Goat Milk Cheese at Gruff Junction

April 2014

A boutique goat milk cheese producer

Ev Moorhead and his daughter Anna run Gruff Junction, an award-winning goat’s milk cheese business that they started in 2006.

Ev visited a few goat farms in Auckland in the late 1990s during his time as a lecturer at Lincoln and in 2001 he decided to have a go at farming goats himself. He started out with 4 does and these days he has a herd of nearly 200 goats.

Initially it looked like the farm would be able to supply pasteurized milk to supermarkets but this proved a very small market at that time and not a sustainable business proposition. A potential milk powder plant in South Canterbury did not eventuate either.

By then Ev’s daughter Anna, who has a degree in microbiology, had become interested in cheese-making. While she was overseas in the UK she visited a few goat farms and learnt how to make cheese. She worked on the World Cheese Awards 3 years running and gained a position as cheesemaker at a farm in Norfolk, based a few hours north of London. When she came home to New Zealand she started making cheese from Greenpark Farm’s goats’ milk. Gruff Junction was formed in 2006.
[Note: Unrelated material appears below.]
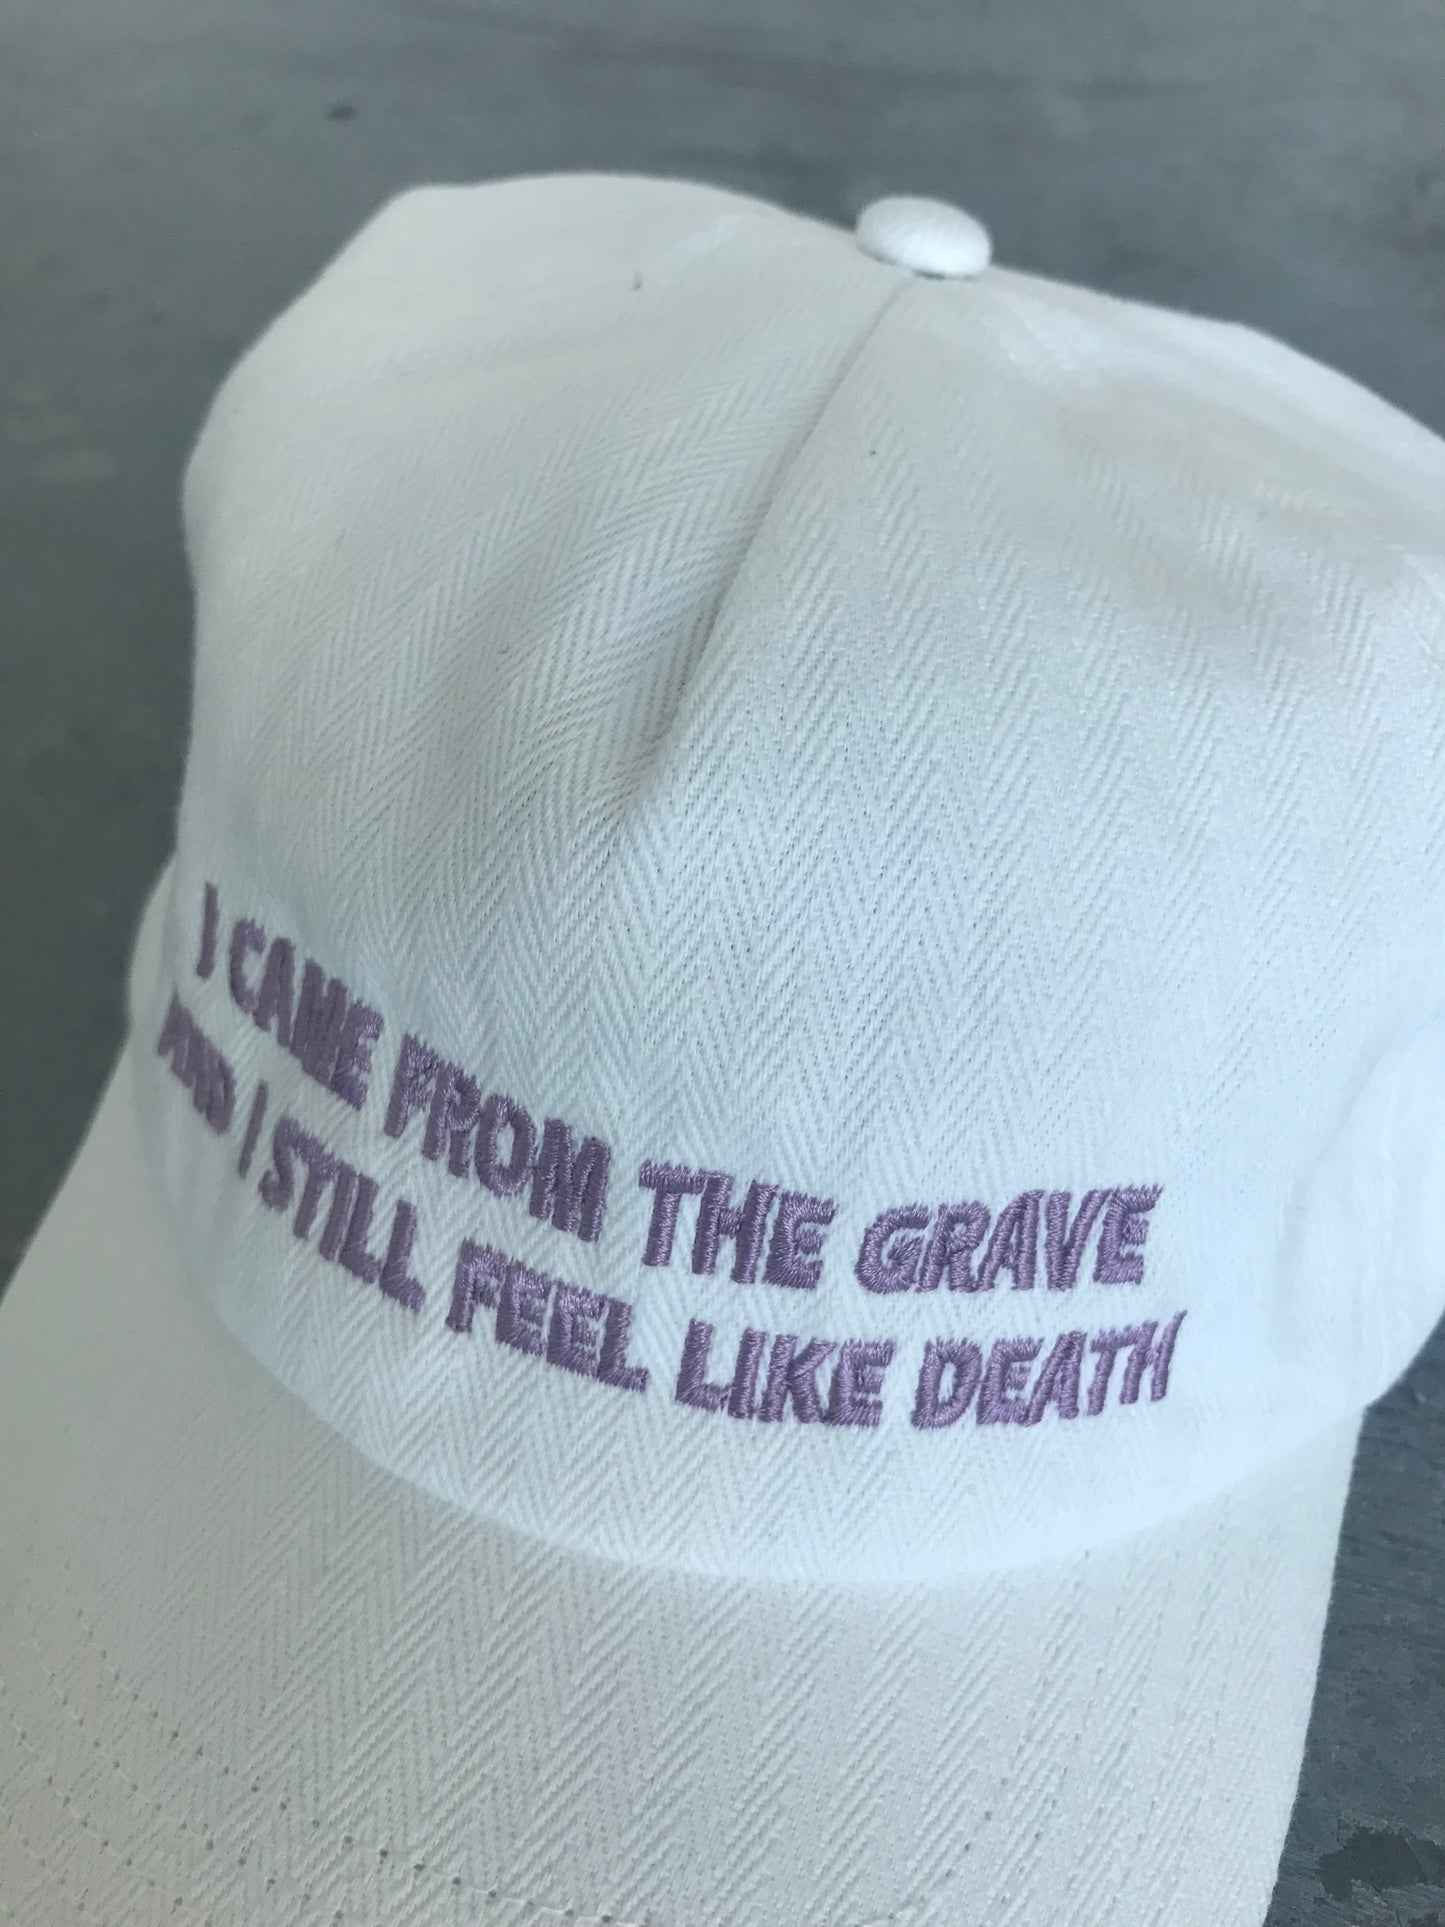 And I Still Feel Like Death Hat Off White

Making cheese takes a lot of milk. About 10 litres of milk will give you one kilogram of cheese. They pasteurize their milk for cheese making and use vegetable rennet.

The Gruff Junction cheeses keep on winning national awards and they’ve traditionally had a steady demand in the national market. Anna’s cheeses have won gold, silver and bronze awards for most of their 15 varieties of cheeses, most notably, the NZ Cuisine Champions of Cheese Awards champion goat cheese in 2010 and the most original cheese in 2012 called the Darfield Earthquake cheese. There’s also a range of soft cheeses that Anna makes during the milking season which have picked up a host of medals.

Anna and Ev sell their cheese at a range of stockists throughout the North and South Island (see website www.gruffjunction.co.nz.) They also sell at the Lyttelton Farmers Market.

After the earthquake the farm had to drop its goat numbers back from 270 to just under 200 in 2011, because it had to process and sell everything it produces itself.

Anna has been involved in the marketing of their product and travels nationwide, visiting chefs and shops to get more customers further afield. More recently the business started diversifying to cater for raw milk customers although cheese sales are still 90 per cent of the business.

Raw milk is a little lower in fat that cow’s milk and the fat globules are much smaller, making it easier to digest. Some people who are allergic to cow’s milk can drink goat’s milk. It is said to be the closest mammalian milk to human mother’s milk.

The farm has been open for tours. This includes a farm tour and a visit to the cheese factory and the milking parlour – rounded off with cheese tasting.

Greenpark Farm’s goats are mostly Saanens and a few Nubians and Toggenburgs. They graze on grass and Ev also feeds them supplements. There’s a barn where they can get out of the cold. The goats are milked from September through to April. They supply unpasteurized goats milk by arrangement to people with allergies or lactose intolerance.

Ev says at the end of this milking season they would like to sell the business.

He says he and Anna have yet to find someone to take it over as a going concern. The land the farm is based on is quite valuable, so another option is to sell the business and goats to a purchaser at a different location.